By ducking the public comment process, the CFTC has attempted to insulate itself from these criticisms. When the agency first suggested interpreting the SEF definition to include certain IBs, it did so in a proposed rulemaking with a full explanation and a call for public comments on the issue. That treatment indicated the agency's understanding that its interpretation was not self-evident and would benefit from thoughtful discussion. When the agency subsequently withdrew that proposal, it withdrew its explanation along with it. As things now stand, the agency has indicated the need for explanation and comment in this area but has offered none, which is hard to square with the Administrative Procedure Act's requirements for reasoned decision-making. And the agency has evaded other procedural requirements in the process, such as the Regulatory Flexibility Act's requirement that agencies consider less burdensome alternatives when a regulation will have a significant impact on small entities—as the Advisory surely will for many CTAs and IBs.
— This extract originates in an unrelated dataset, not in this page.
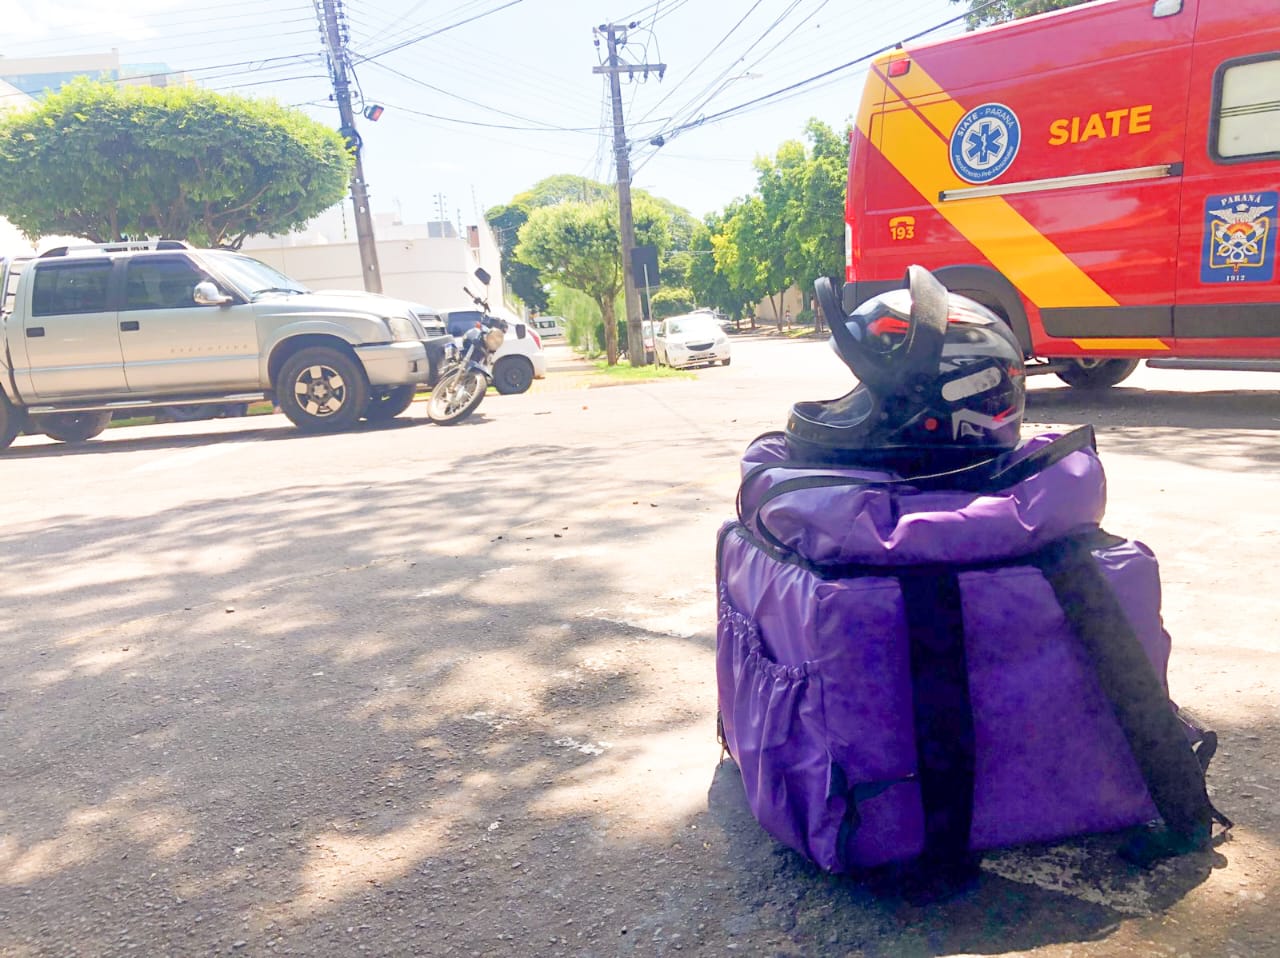 Entregador fica ferido na colisão entre moto e caminhonete no centro de Umuarama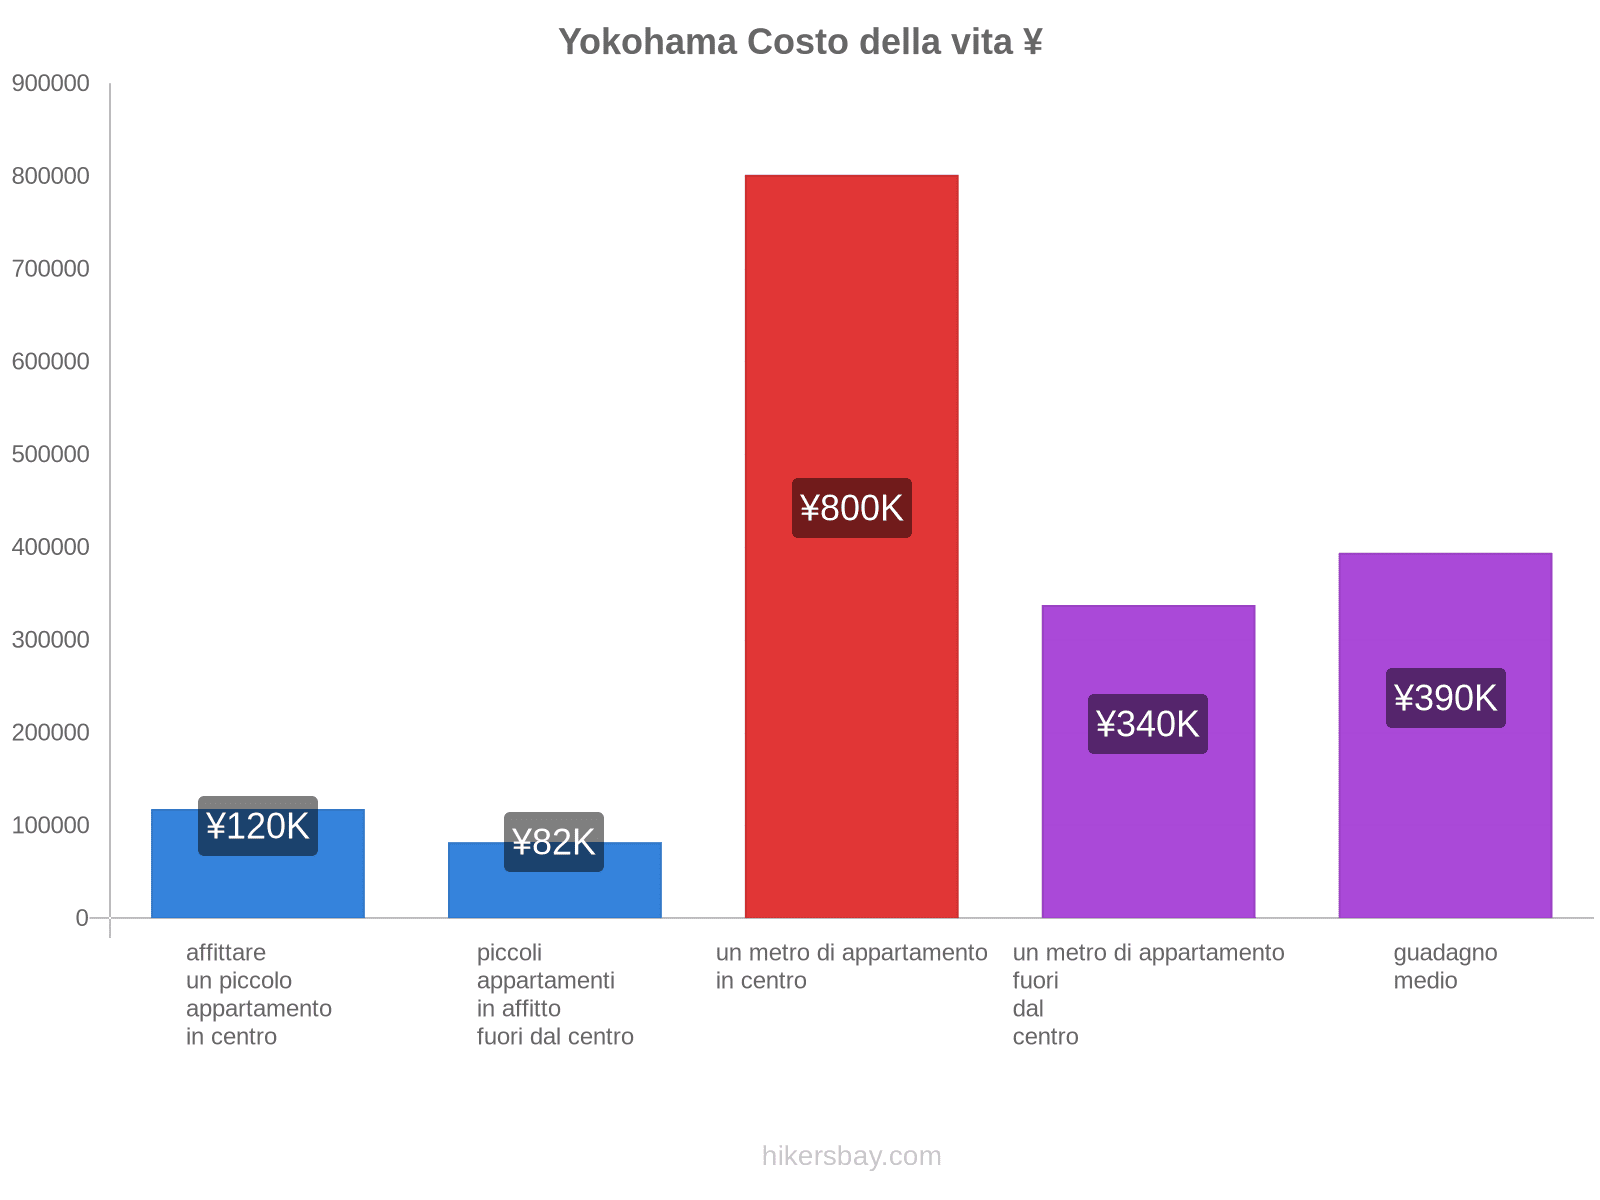 Yokohama costo della vita hikersbay.com

That markets and the people using them are different is a concept that reaches into the depths of recorded history. A person does not become a market by using one, or by helping others use one. That would be absurd. People use markets, and they get advice and help in using markets from other people. This was true at every port where fisherman first brought their catch, and it has been true at every granary, feed lot, and trading desk since. And it is plain in the law, too, despite the agency's continuing analytical misadventure.

With the Advisory, the CFTC has disregarded statutory text and attempted an end-run around procedural rulemaking requirements in order to impose new obligations on commodity trading advisors and introducing brokers without having to justify them. It should not be allowed to get away with it. Whether in a direct communication to the Commission, a defense to an attempted enforcement, or even a preemptive judicial challenge, the Advisory's legal and policy deficiencies provide strong ground for jettisoning its erroneous expansion of the "swap execution facility" definition to include commodity trading advisors and introducing brokers.

Three Key Takeaways

  1. The CFTC has taken the position in an Advisory and a subsequent enforcement action that certain CTAs and IBs must register as SEFs or risk penalties.
  2. The CFTC's Advisory lacks the force of law and conflicts with the definitions for CTA, IB, and SEF provided in the Commodity Exchange Act.
  3. CTAs and IBs can and should consider challenging the CFTC's overreach.